Cystic Fibrosis News Today Forums Forums Support Groups Adults​ ​With​ ​CF Unpopular Opinion: Do You Love or Hate the “I” Word?

  • Unpopular Opinion: Do You Love or Hate the “I” Word?

    Posted by bailey-anne-vincent on July 20, 2020 at 10:56 am

    Inspirational.

    This is a word that is used a lot in the chronic illness community. Some people hate it and don’t want to be “inspo porn” (for lack of a better term) for others, while some find the encouragement kind and well intended.

    I’ll admit that I’m a bit of both, and truly see both sides of the fence. I wrote about being called “brave” on my Instagram yesterday, and how I feel like I crave the approval of this word from those closest to ne (I truly want my doctors to be like: “Wow. You are so tough”), but also see how placating – and even ableist- it can feel for anyone born with a unique body. Basically… I’m a really confused hypocrite at all times.

    What do YOU think? How does the I word make you feel, and what do you wish others would say instead?

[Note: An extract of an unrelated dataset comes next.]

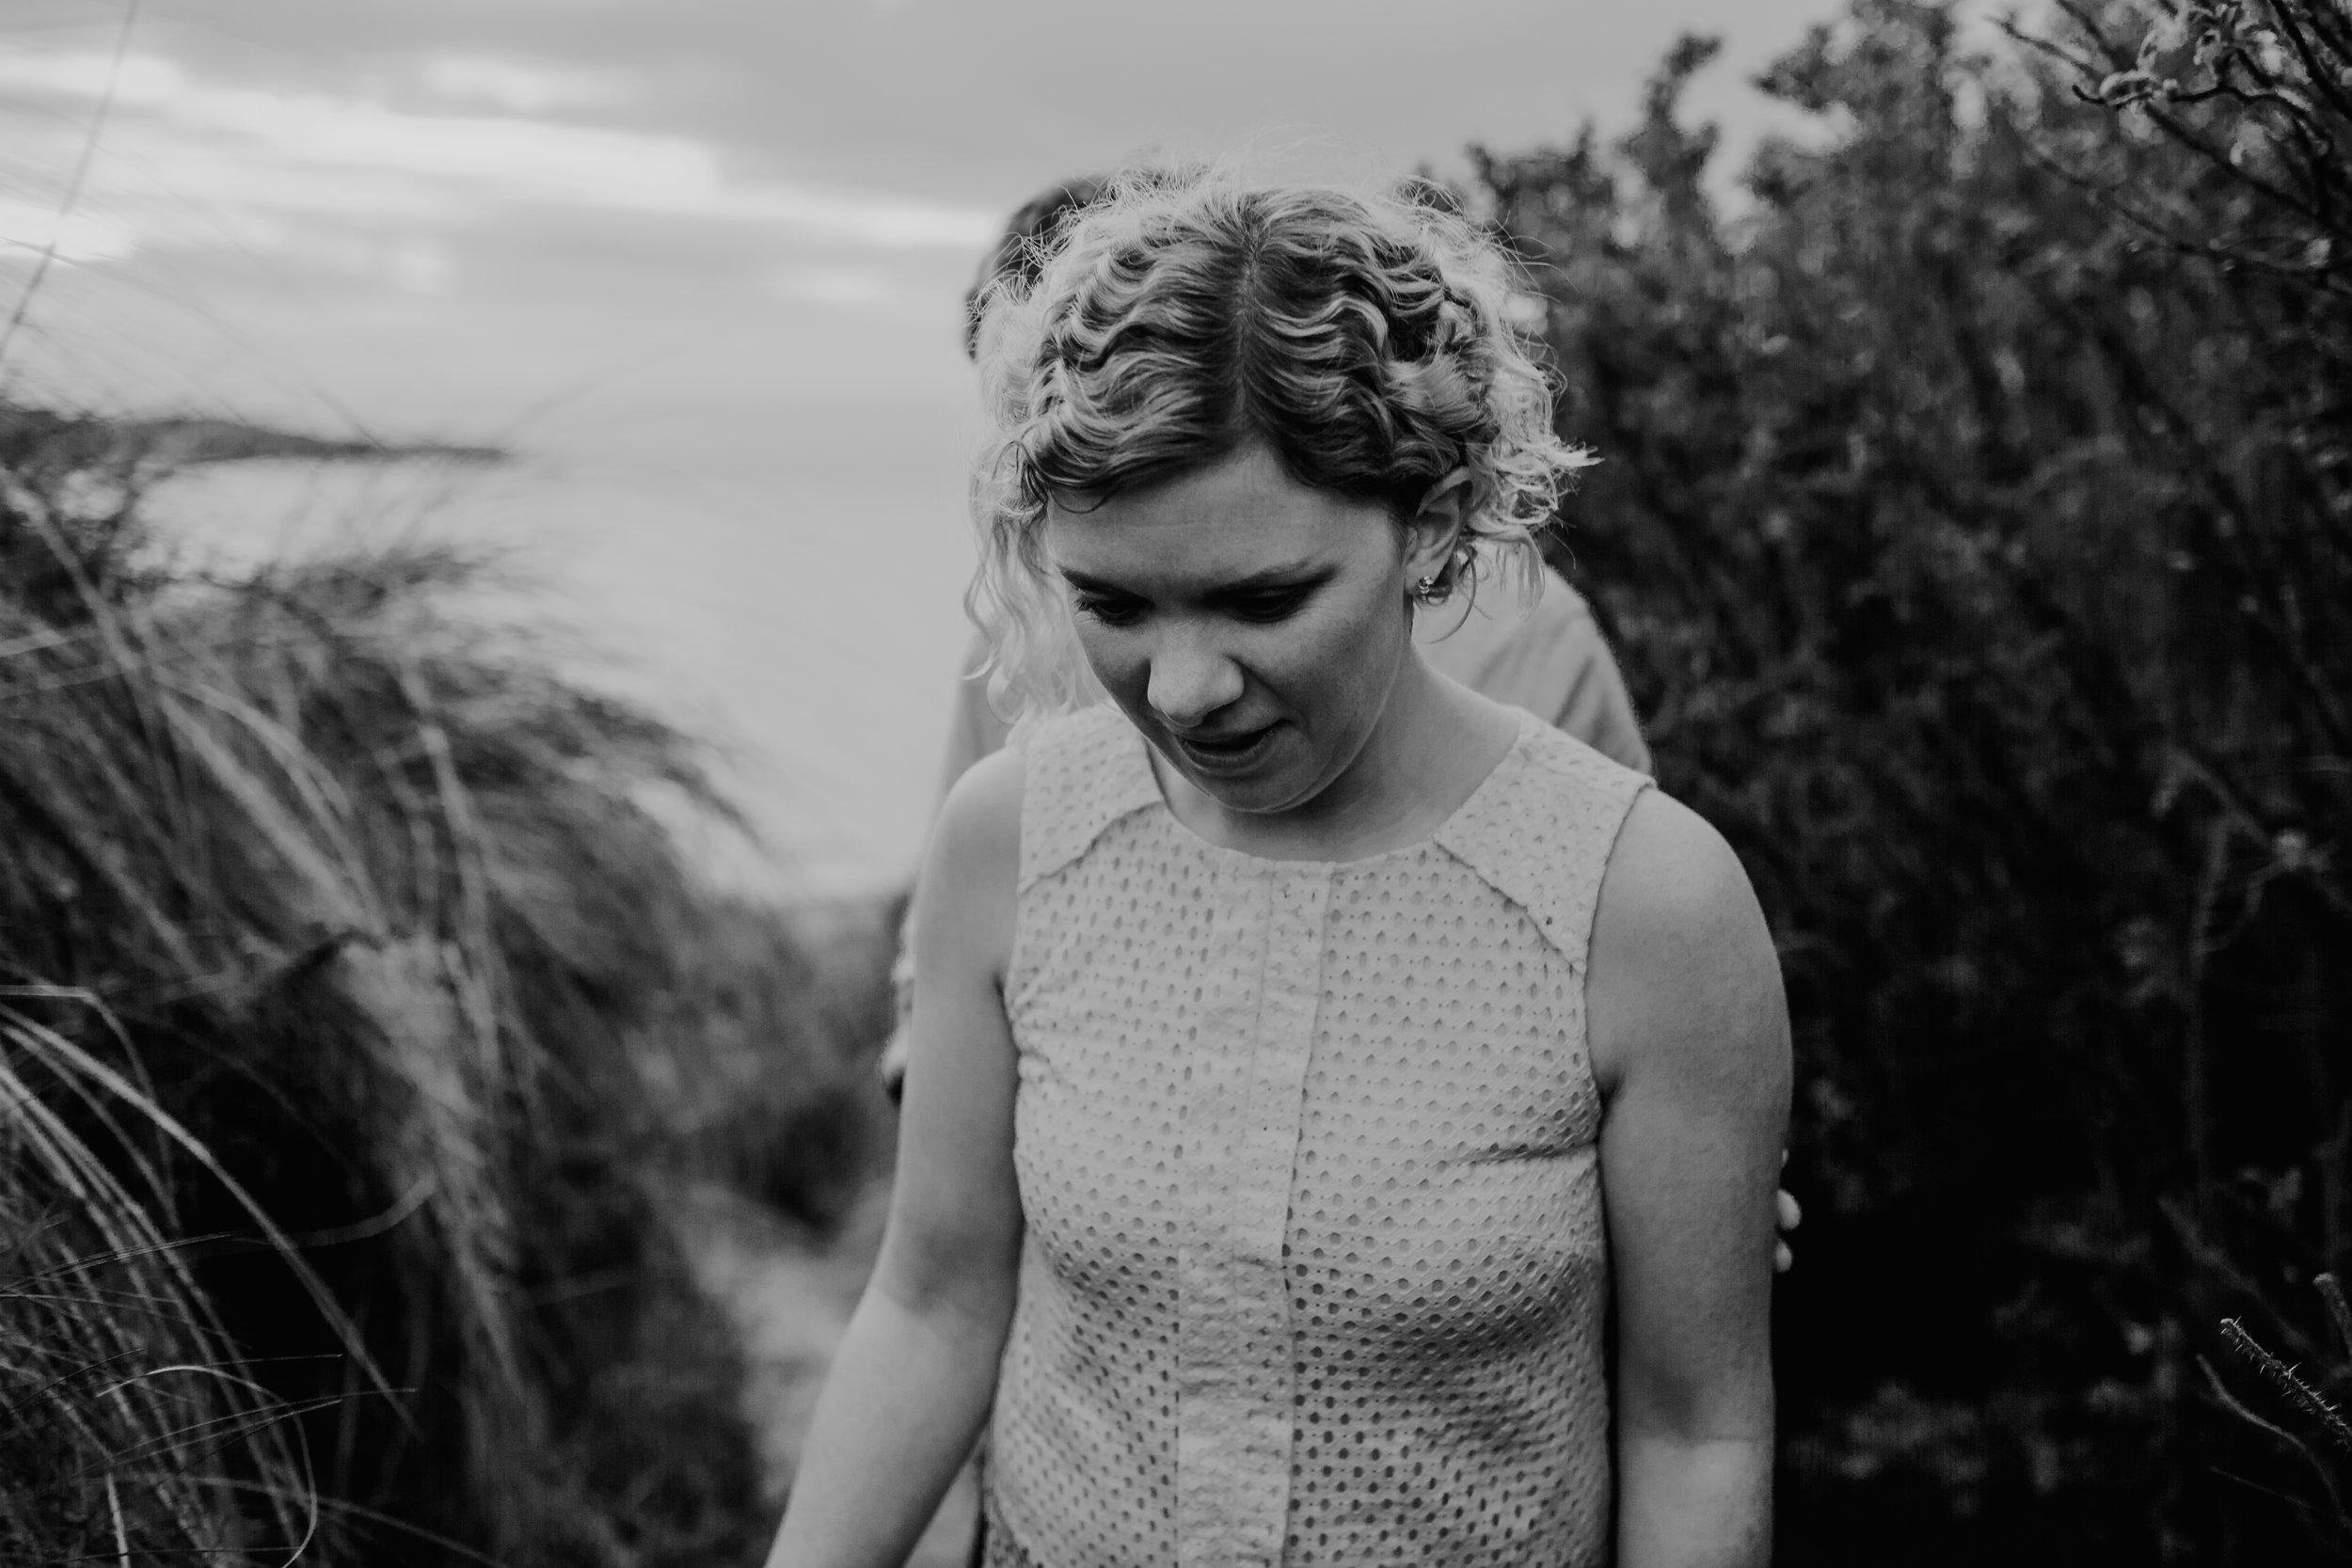 ballycastle-beach-engagement-photographer-northern-ireland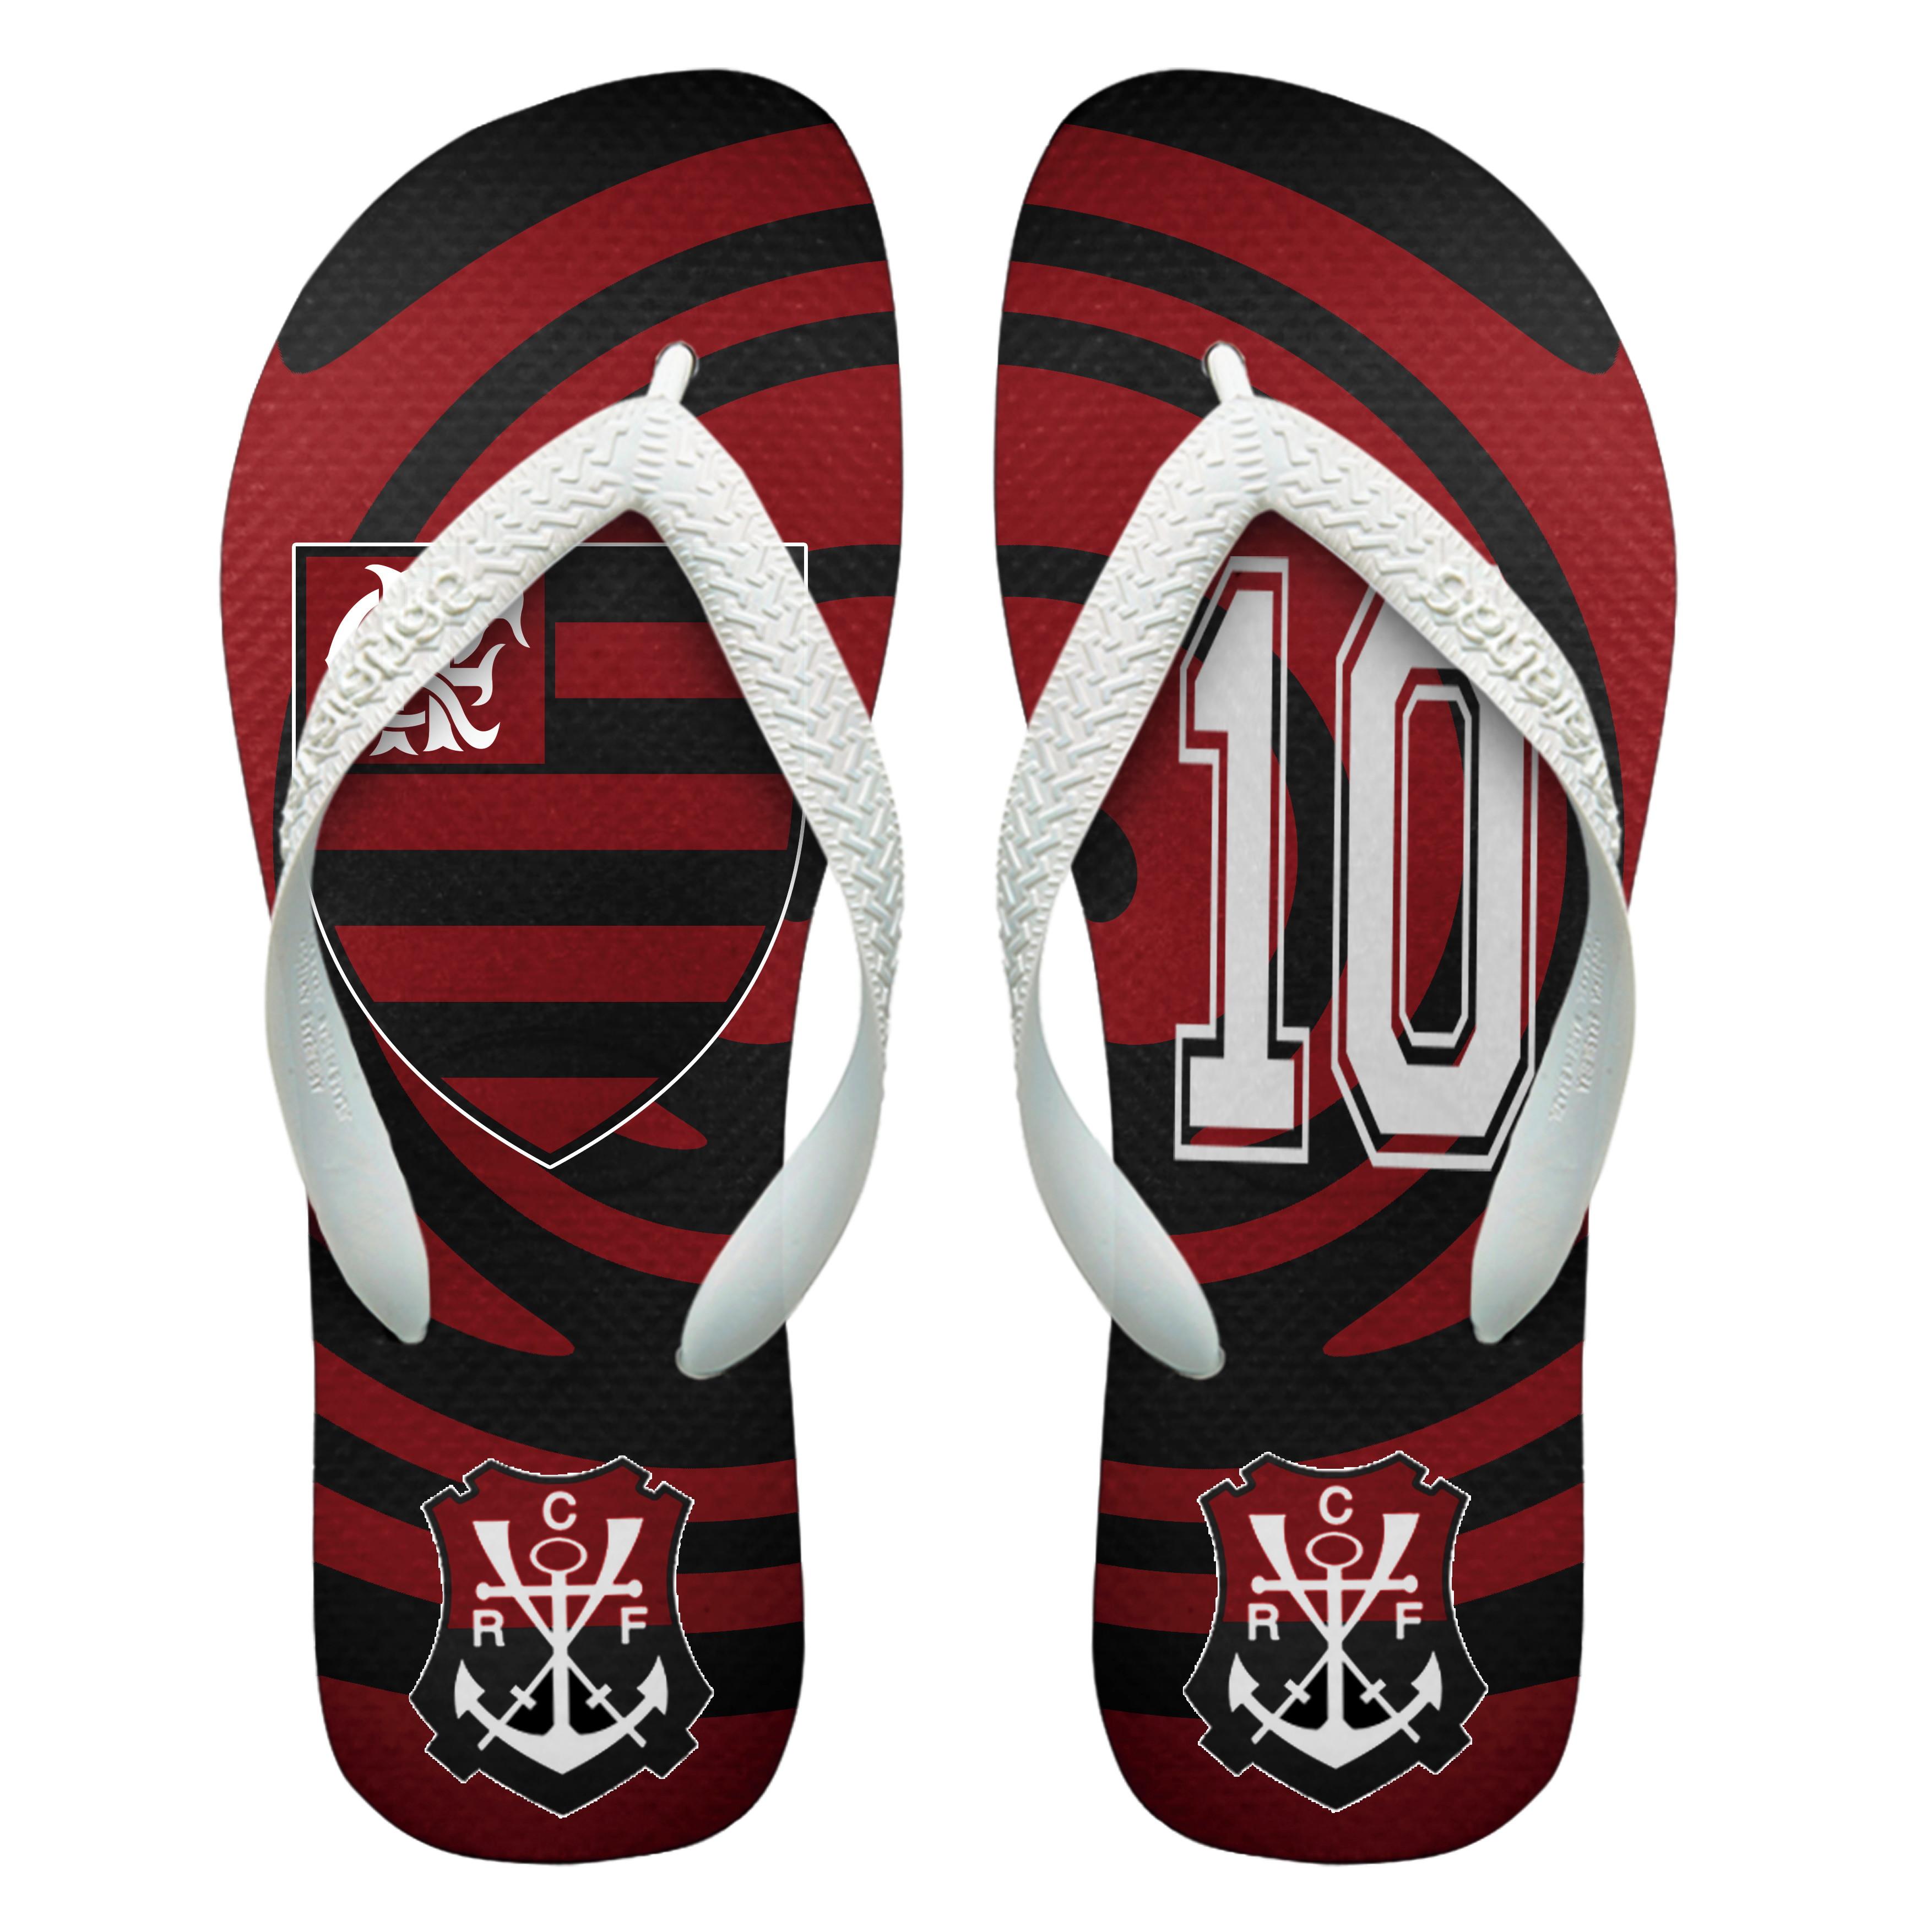 f5c9034b16b692 Chinelos Personalizados Havaianas Flamengo [4]

    tim-blowfield replied 3 years, 9 months ago 2 Members · 1 Reply
  • 1 Reply
  • tim-blowfield

    Member
    July 21, 2020 at 8:30 pm

    My pet hate is the constant reference to CF as a Chronic Illness. That provides the NDIS in Australia to refuse to fund persons with CF. It also causes people to think of CF as ‘just a lung disease’. CF is realy a DISABILITY – as much as is Downs,Fragile X, Haemophilia and so many more conditions that are accepted by the NDIS and like bodies. CF is a Genetically caused disability that does lead to chronic illness. The abnormality caused by the CFTR gene mutation is well recognised as causing salty sweat and thick mucous – the result of the faulty Chloride transport. Less well acknowledged is that that same faulty transport causes intracellular aberrations of electrolytes to balance the high Chloride retained within the cells. Basic chemistry of solutions is that anions and cations are balanced. So if Chloride is raised either other anions (mainly Bicarbonate) needs to be lower and/or Cations (Potassium (K), Sodium (Na) and Calcium (Ca)) need be higher. CF’ers are prone to hypokalaemia (low potassium) almost certainly the reaction to high intracellular K. Less well recognised is the effect of increased Ca on the Parathyroid Gland and bone metabolism. Osteoporosis is common in CF’ers. Many of these Electrolyte caused conditions may take decades to manifest (ie Parathyroid Adenomas) decades till recently most CF’ers unfortunately did not have. We may well see more of these in persons who have had lung transplants and inhaled gene therapy where only the lungs are targeted. Every cell in the body is affected, though some more than others. Fortunately oral corrector drugs, such as Trikafka, are likely to correct the abnormality in every cell – not just the lungs.